Case against North Coast Rail Authority brought by Friends of the Eel River and Californians Against Toxics to be reheard

San Francisco – The California Supreme Court today agreed that the North Coast Rail Authority must comply with environmental review requirements under the California Environmental Quality Act (CEQA) with respect to the reopening tracks that run from Novato into Humboldt County.  At issue was whether federal laws that govern railroads preempt California’s bedrock environmental statute, CEQA.

“California’s environmental laws must apply to public projects, plain and simple,” noted Amy Bricker, attorney with Shute, Mihaly & Weinberger, LLP, who represented Friends of the Eel River in the case. “Convoluted arguments about federal preemption don’t change the facts: public agencies have an obligation to disclose environmental impacts and minimize them to the extent feasible.”

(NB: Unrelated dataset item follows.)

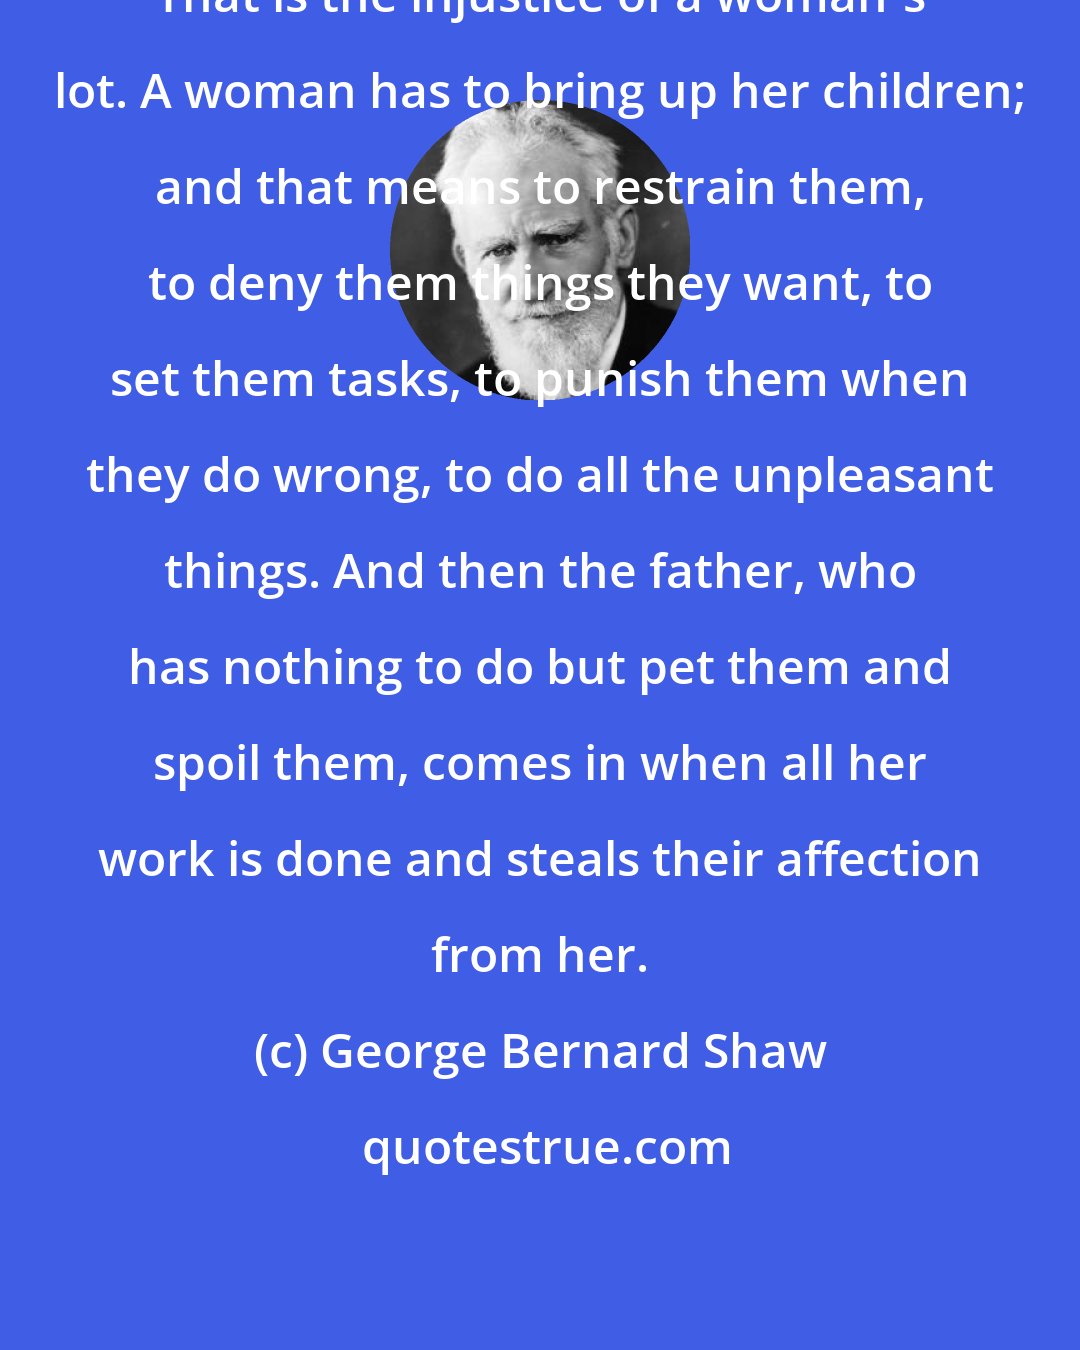 George Bernard Shaw: That is the injustice of a woman's lot. A woman has to bring up her children; and that means to restrain them, to deny them things they want, to set them tasks, to punish them when they do wrong, to do all the unpleasant things. And then the father, who has nothing to do but pet them and spoil them, comes in when all her work is done and steals their affection from her.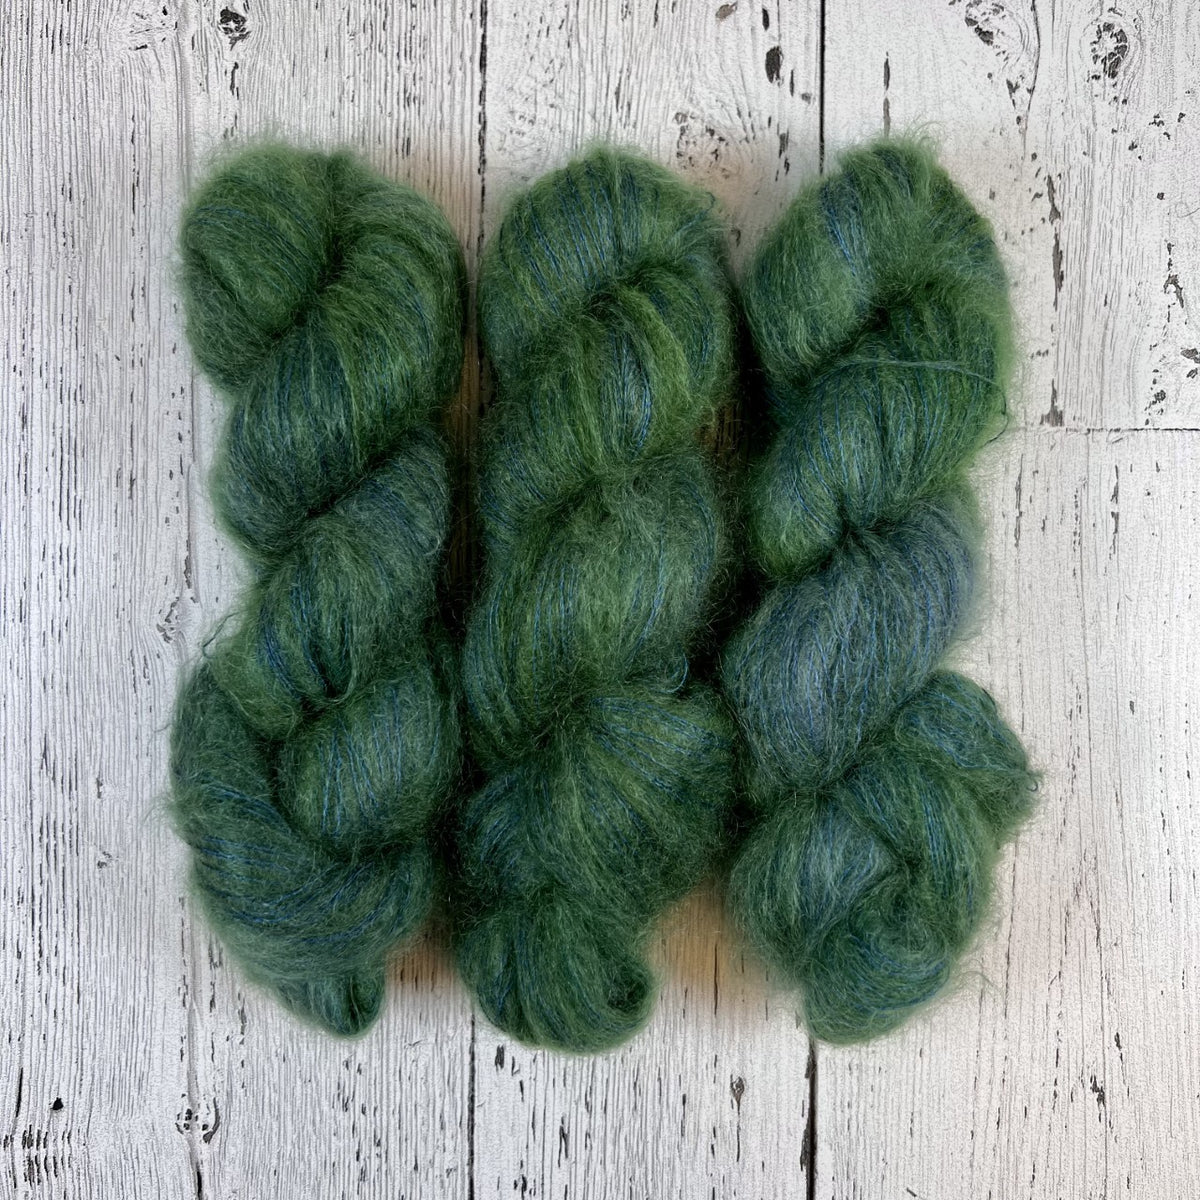 Blue Spruce - Delicacy Lace - Dyed Stock

As the Supreme Court’s opinion states, there is no clear language in federal law “that would direct us to the surprising conclusion that a state must operate without its usual tools and guidelines when it becomes an owner-participant in the railroad industry.”

The North Coast Rail Authority (NCRA) is a state agency that partnered with a private enterprise, Northwestern Pacific Railroad Co., to make repairs to and begin re-operating the defunct freight rail line, which has been dormant since 1998. NCRA applied for and received millions of dollars from the California Transportation Commission, which requires CEQA review for its funding. Under CEQA, project proponents must analyze likely environmental impacts and identify opportunities to reduce them. As noted in the court’s decision, “NCRA is not an independent corporation or a private company, but an arm of the state, created and funded by the state to carry out goals established by the Legislature.  What rule of decision … other than whim would guide NCRA’s decisions, if not state law?”

“The Supreme Court affirms our position that NCRA is accountable as a public agency to California’s governing environmental principles. Responsibilities to California citizens may not be shirked by invoking federal law, or dodged when millions of taxpayer dollars have been taken. In particular, NCRA is obligated to disclose and remedy the extensive toxic materials contaminating the soil along its rail line,” said Patty Clary, Executive Director of Californians for Alternatives to Toxics. “CATs is indebted to our hard-working legal team, including Golden Gate University Environmental Law and Justice Clinic and Stanford University Environmental Law Clinic.”

NCRA initially prepared an Environmental Impact Report under CEQA. But after Friends of the Eel River and Californians for Alternatives to Toxics sued to remedy the grossly inadequate report, NCRA argued that CEQA was preempted by federal law. The lower courts agreed with NCRA, but the California Supreme Court reversed, agreeing with the environmental groups.

“In deciding whether to reopen its rail line, NCRA must account for the significant harm it will cause to the Eel River and its native species,” added Scott Greacen, Executive Director of Friends of the Eel River. “There’s no way for us to know how rail line operations will affect fish and water quality without a legally adequate environmental review. This rail line is a public asset, and NCRA has an obligation to minimize harm on California’s natural resources.”

Historically, the rail line in question was designed to carry freight from the Port of Eureka to the San Francisco Bay, but over time the line became so dilapidated that it has not been usable. It passes through the environmentally sensitive and geologically unstable Eel River Canyon. Prior to its closure, rail operators routinely dumped large amounts of rock and debris that fell from canyon walls into the Eel River, harming water quality and blocking fish passage for the river’s native salmon and steelhead populations.

NCRA argued that the Interstate Commerce Commission Termination Act preempted CEQA because a federal agency has some authority over rail licensing and operations. But since NCRA’s line is state-owned and state-funded, the California Supreme Court agreed that federal law cannot interfere with core state business unless it explicitly states that the federal regulation at hand trumps state requirements. In this situation, state law governs.

The California Supreme Court reversed the Appellate Court and remanded the case for further proceedings.